The publication's tribute to its fallen colleagues features a bearded man who appears to represent God with a Kalashnikov rifle slung over his shoulder. He is accompanied by the text: “One year on: the assassin is still out there.”
One million copies of the issue have been printed and were available in newsagents from Wednesday, with tens of thousands having been sent to be sold overseas - including in the UK.
The five artists killed in last January's attacks have their work featured in this week's anniversary issue, marking 12 months to the day brothers since Chérif and Saïd Kouachi's slaughter.
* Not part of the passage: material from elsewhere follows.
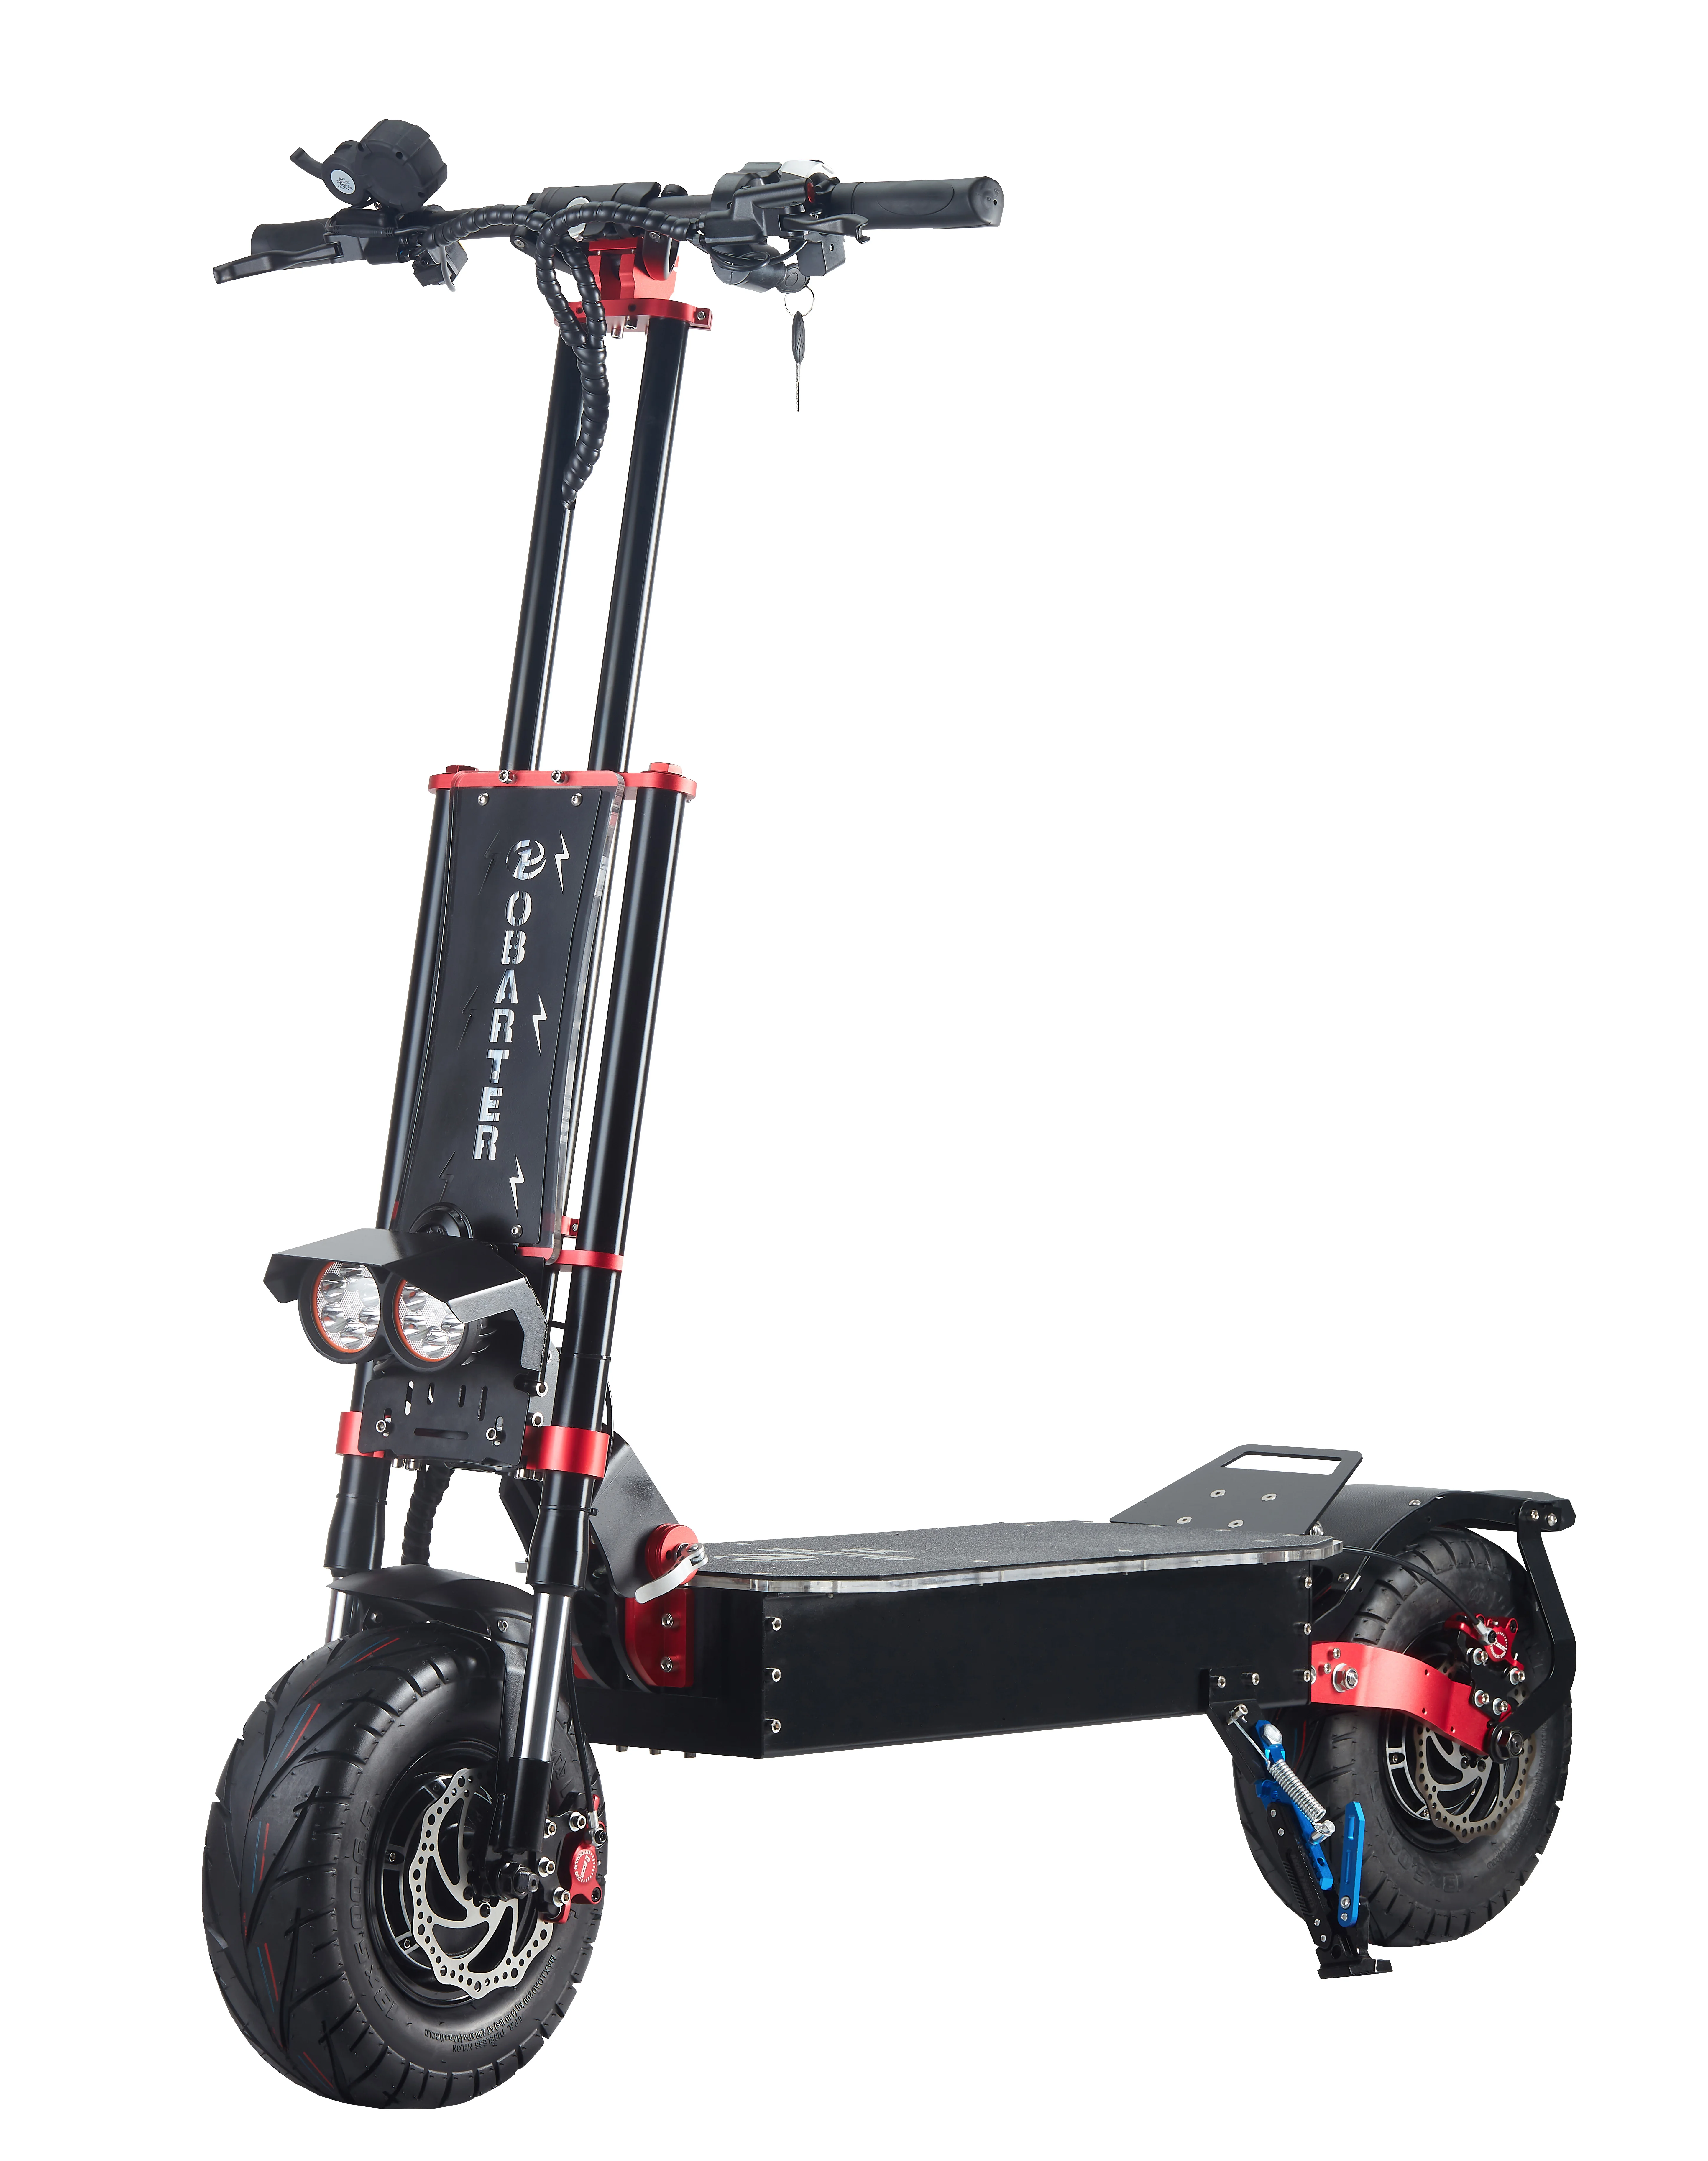 

Eu Uk warehouse OBARTER X5 X1 X3 folding big wheels 13 inch 60v 5600w 13ah high speed 85km/h electric scooter for adults

New publishing director Laurent Sourisseau, who was present at the meeting that saw eight of his colleagues slayed and was seriously wounded himself, also penned a stinging editorial in defence of secularism.
His comment piece ridicules “fanatics brutalised by the Koran” as well as figures from other faiths who hoped the magazine would cease publishing for “daring to laugh at the religious”.
In the aftermath of last year's attack, the publication was held up by campaigners and French Republic defenders as a symbol of freedom of expression, with many using the slogan 'Je Suis Charlie'.
A record-breaking 7.5 million copies of its first issue printed just a week after the magazine mourned its staff loses were sold.
Some staff have spoken out about how they feel 12 months on, with the magazine's financial director, Eric Portheault, saying he felt "alone" in the pursuit of religious and political satire.
"We feel terribly alone. We hoped that others would do satire too," he told AFP on Monday.
"No one wants to join us in this fight because it's dangerous. You can die doing it."